The defense attorneys for alleged former lovers Donna Moonda and Damian R. Bradford agree that they don’t want Mrs. Moonda to be forced to assert her Fifth Amendment rights in front of a jury.
Bradford’s attorneys on Wednesday filed a motion that asks a federal judge to allow the widow of Dr. Gulam Moonda, 69, to invoke her privilege against self-incrimination outside the presence of the jury that will be seated Monday when Bradford’s trial is scheduled to begin in Akron.
The goal of the filing — to keep Mrs. Moonda off the witness stand — that Michael J. DeRiso and Patrick J. Thomassey submitted Wednesday is identical to the one Mrs. Moonda’s attorney, Niki Z. Schwartz, submitted a day earlier.
DeRiso argues that prosecutors theorize Mrs. Moonda, 47, of Hermitage, conspired with somebody to have her husband killed May 13, 2005, on the Ohio Turnpike.
Bradford, 25, is charged with interstate stalking and using a firearm during the crime that left Moonda dead.
“In essence, she (Mrs. Moonda) is an unindicted co-conspirator,” DeRiso wrote in his filing.
If Mrs.
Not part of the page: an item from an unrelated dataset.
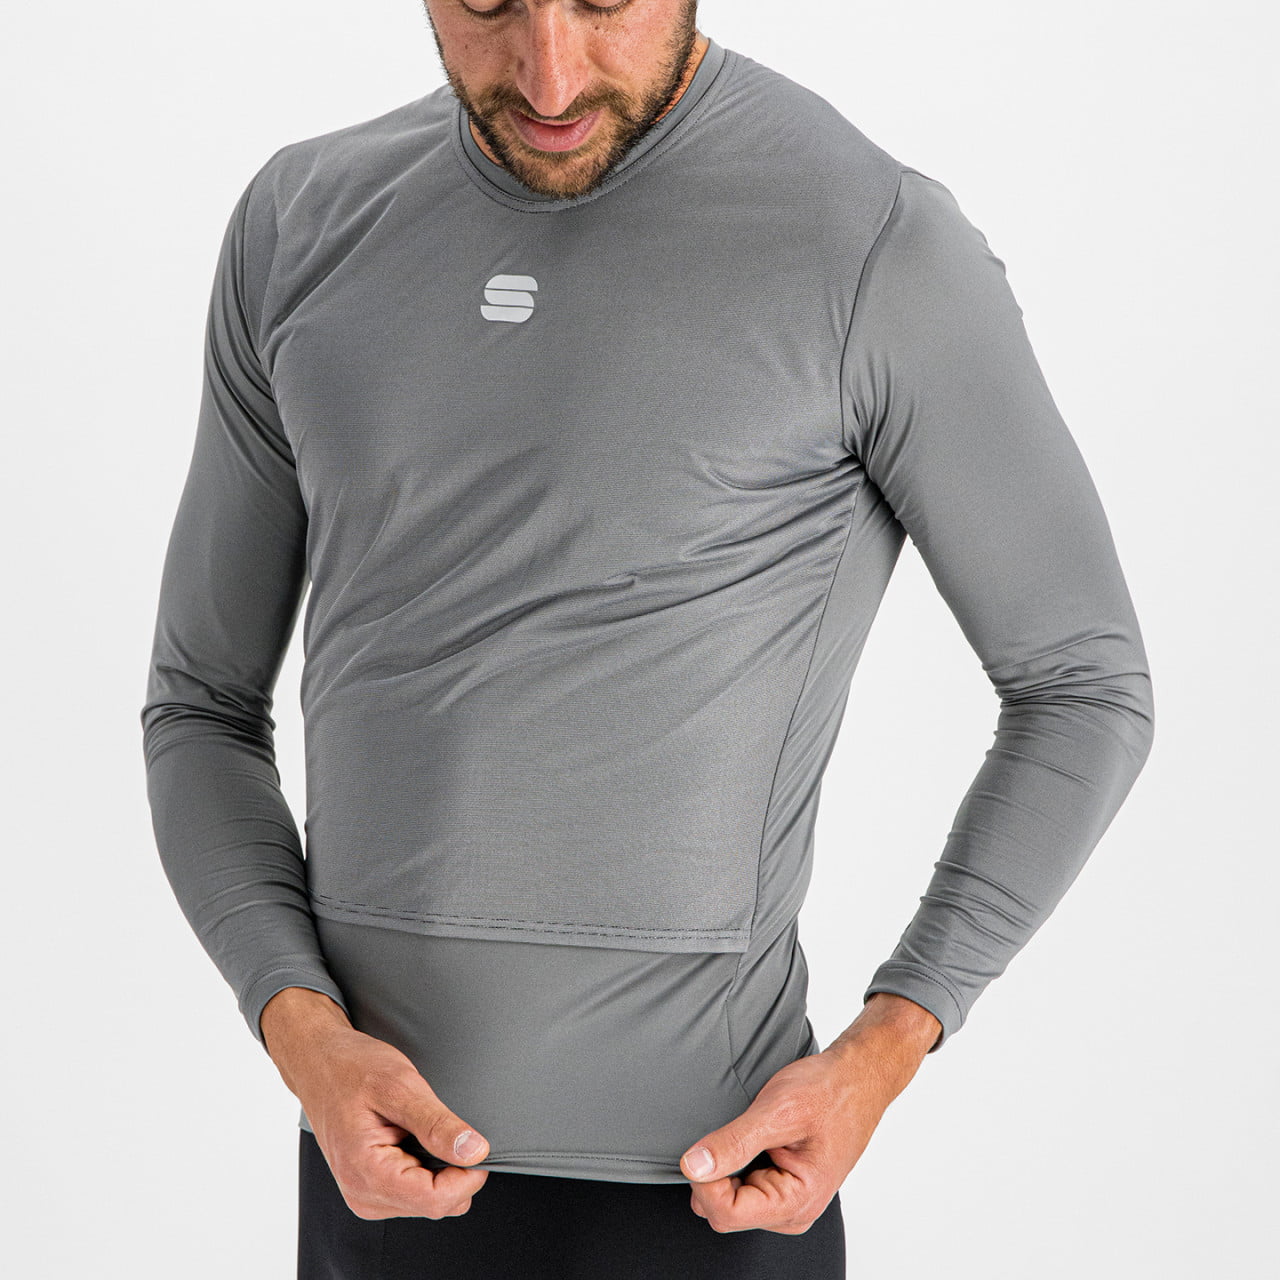 Maillot de corps manches longues Fiandre Thermal

Moonda decides not to answer certain questions posed to her at Bradford’s trial, it will cripple Bradford’s defense, DeRiso claims.
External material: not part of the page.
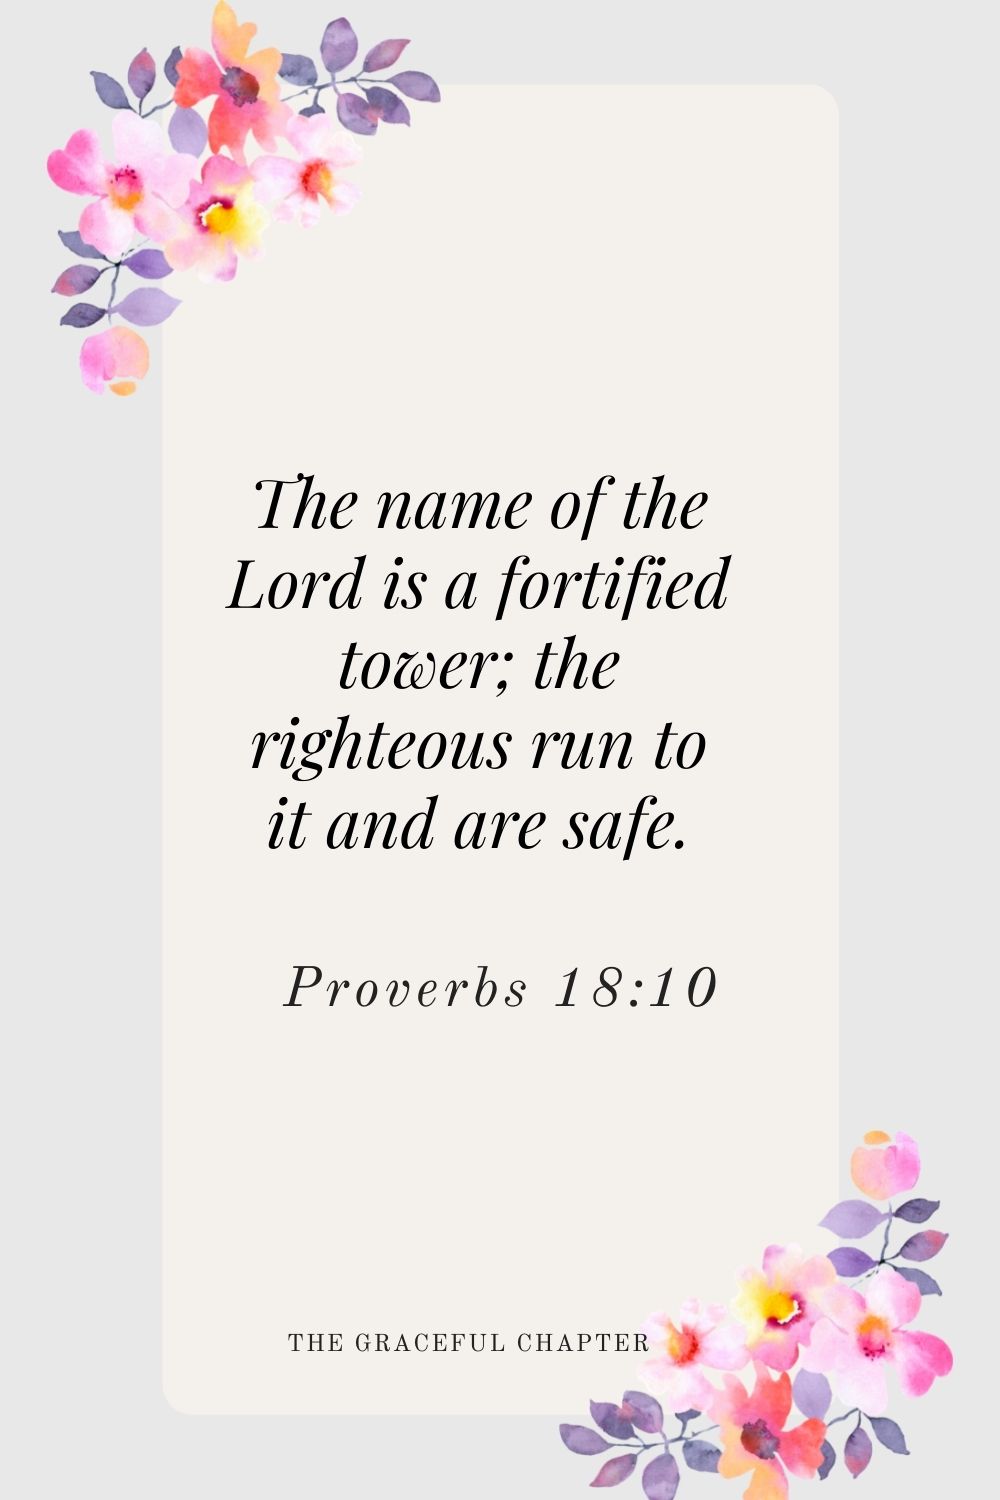 The name of the Lord is a fortified tower; the righteous run to it and are safe. Proverbs 18:10

“The impact of an unindicted co-conspirator asserting this privilege in front of the jury would be catastrophic to the Defendant (Bradford) and create an inference of guilt which is insurmountable and not how this privilege is meant to be used,” DeRiso said.
Schwartz on Tuesday asked Judge David D. Dowd Jr. to allow Mrs. Moonda not to testify at Bradford’s trial because he fears prosecutors will use her testimony to indict her in connection with the roadside slaying.
If Mrs. Moonda invokes her Fifth Amendment rights at Bradford’s trial before reporters, Schwartz said it will be “extraordinarily difficult, if not impossible” for her to receive a fair trial if she is indicted in her husband’s death.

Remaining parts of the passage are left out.